Weights and sizes of hatchets
When searching for information related to hatchet sizes and weights, we were again forced to troll an axe site for these numbers, using as our guide the fact that hatchets will always be categorized as shorter, lighter gear. The Awesome Axes website introduces readers to the fact that “A lot of people, especially guys, are eager to buy heavy axes”. But once you get up into the rarified 6- to a 7-pound category, you are definitely in axe territory.
Your best bet is to err on the light side by investing in a hatchet that weighs around one pound, and as you can see by the hatchets reviewed in this article, the longest of the bunch measures just 15-inches, though the most highly-rated tend to fall within the 9-inch range. Remember, you’re not felling trees. You’re looking for a small, comfortable tool that gets all the little tasks done with aplomb. Light and compact. Portable. Got the message?
Just in case you believe that the only hatchet accessory worth owning is a proper sheath to make sure your tool is secured safely while you undertake campground tasks, you haven’t visited Etsy lately. Once introduced to the world as the place to find original crafts, fashion, and furnishings, there is currently a creative gathering of hatchet accessories featured on Etsy’s dedicated page ( HERE ).
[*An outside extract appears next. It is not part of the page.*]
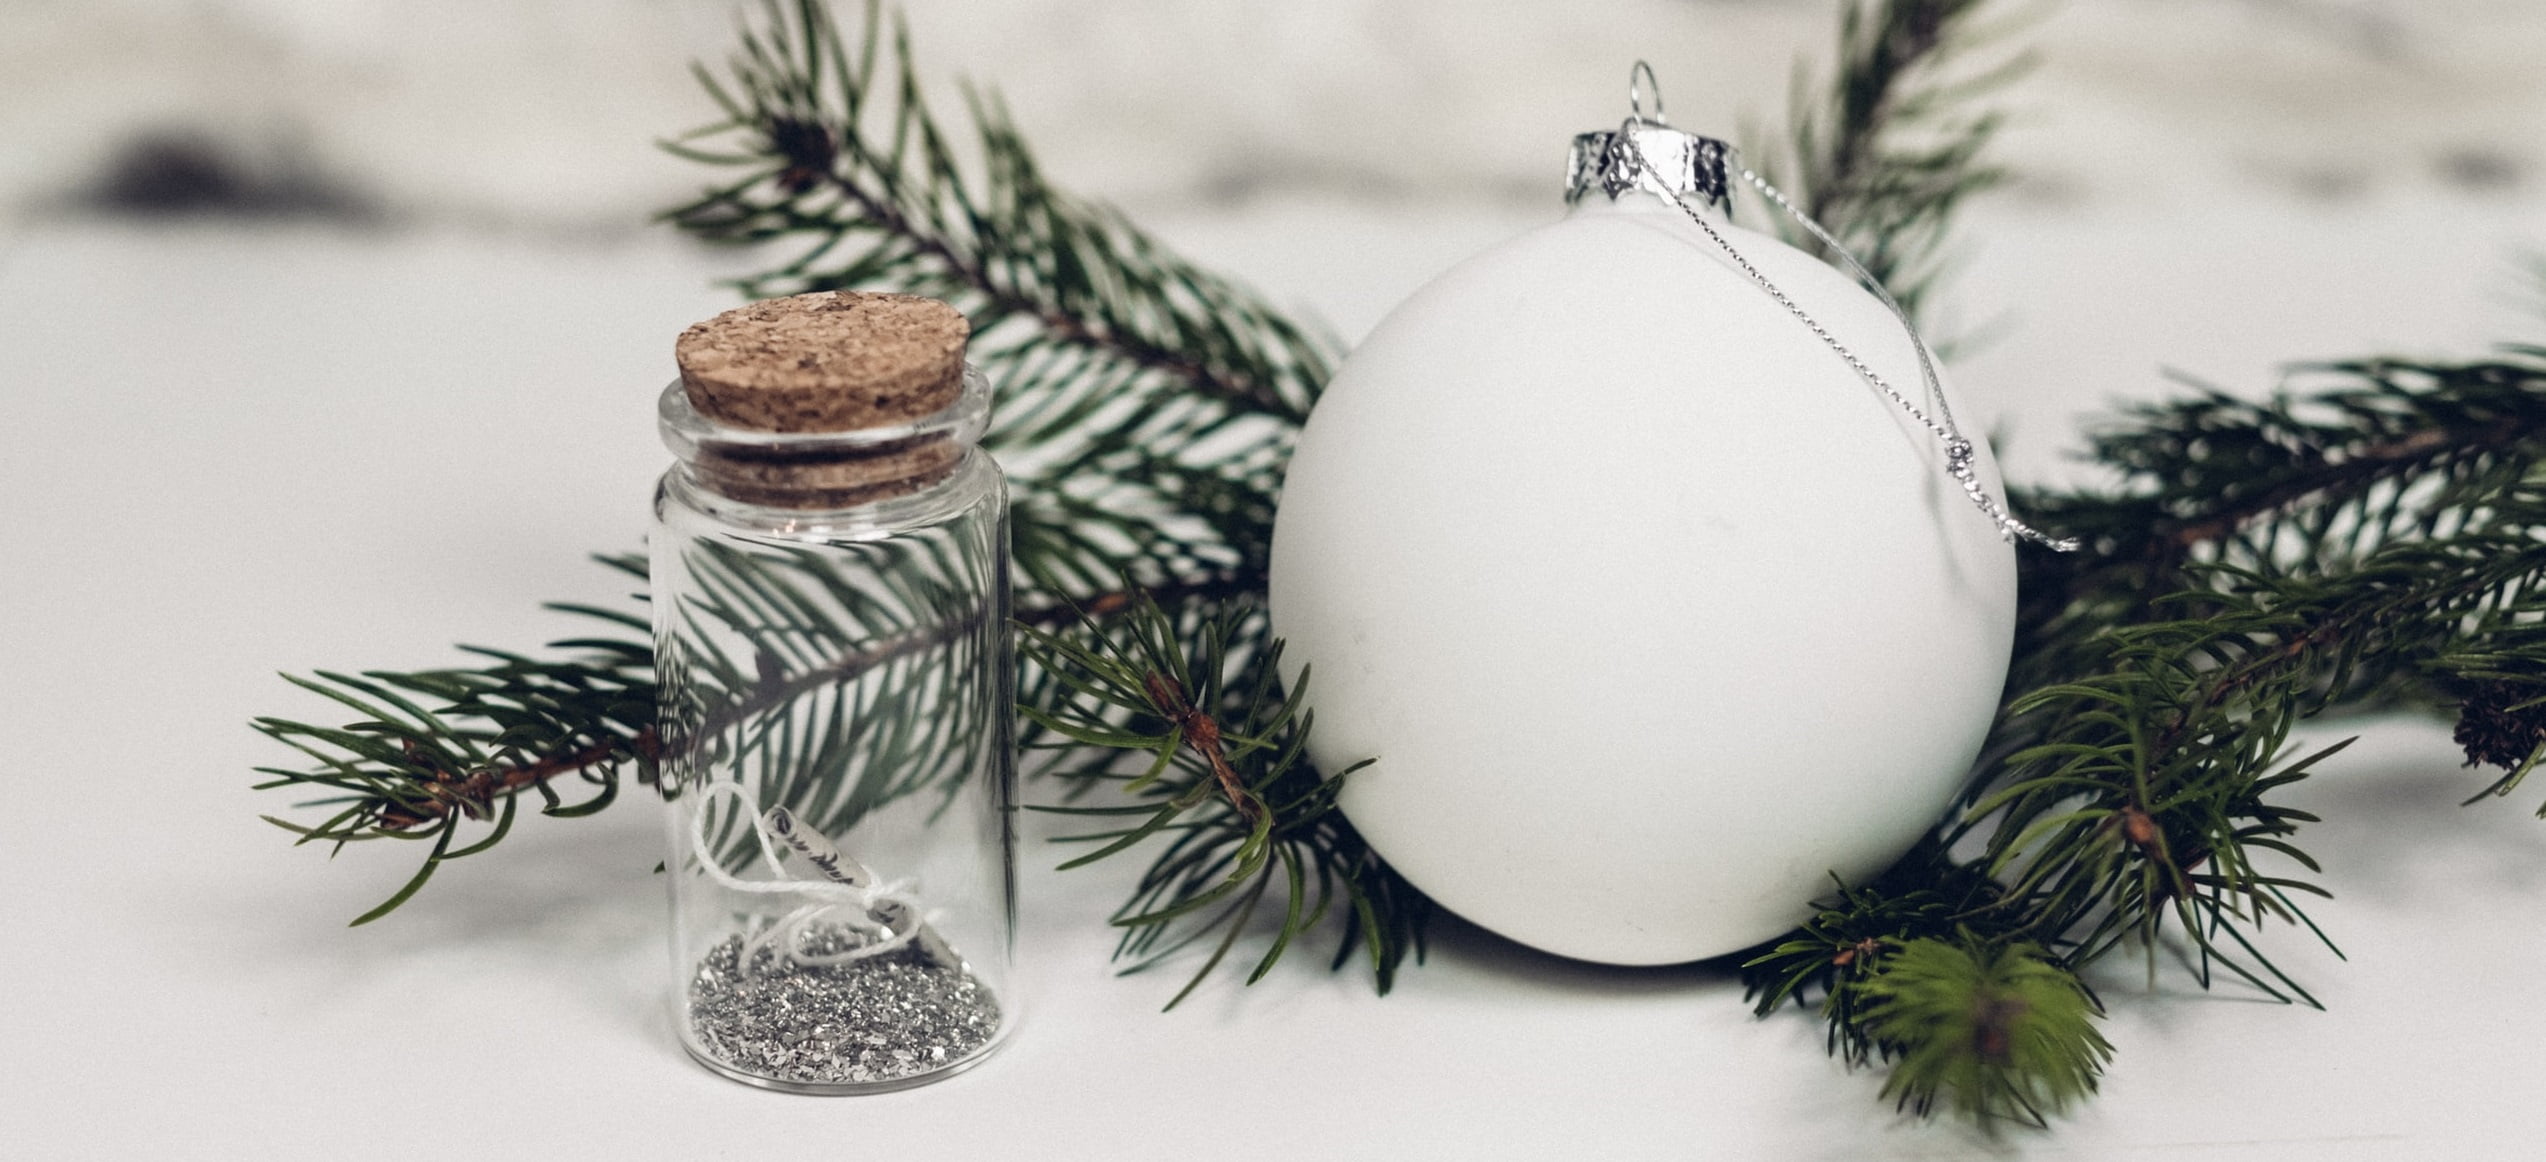 Best Christmas Glass Ornaments
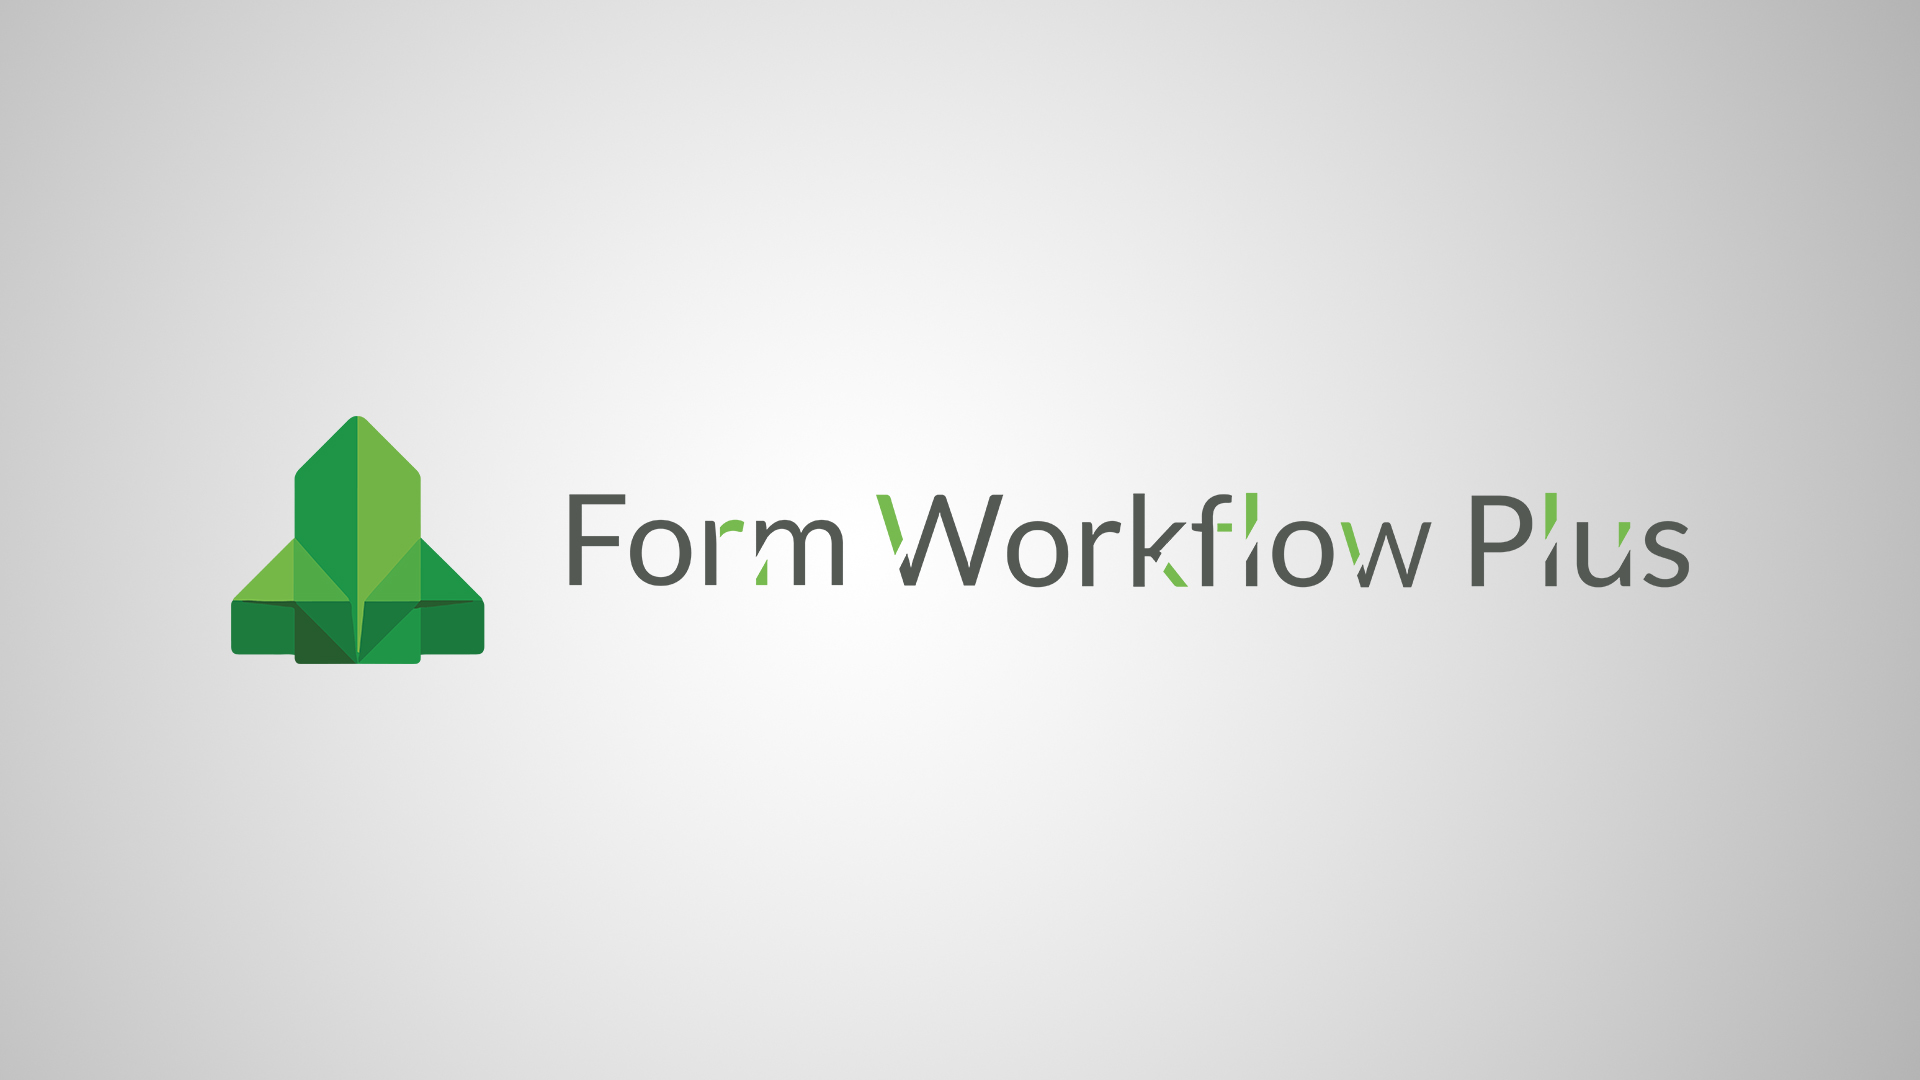 Form Workflow Plus is Getting a New Look

From toy hatchets and one-of-a-kind, hand-made adult hatchets to protective sleeves and jewelry charms shaped like hatchets, this is the place to go for items and gifts that showcase the humble hatchet.
What’s your budget?
Hatchet fans need not worry if their checkbook balances are low because they can find plenty of quality products in this category. Our picks run between $25 and $160, but there are plenty of hatchets sporing price tags that are even lower than $25. At the extreme, do check out this $4,999.00 hatchet featured on the Etsy website.
If you’re the ultimate hatchet fan and price is no object, be advised that on the day we visited the page, there was only one left. On the other hand, if you just seek years of performance without the drama, products on our list should suffice, especially if you can come up with limitless ways to spend the $4,900 you’d save by taking a pass on this Etsy exclusive.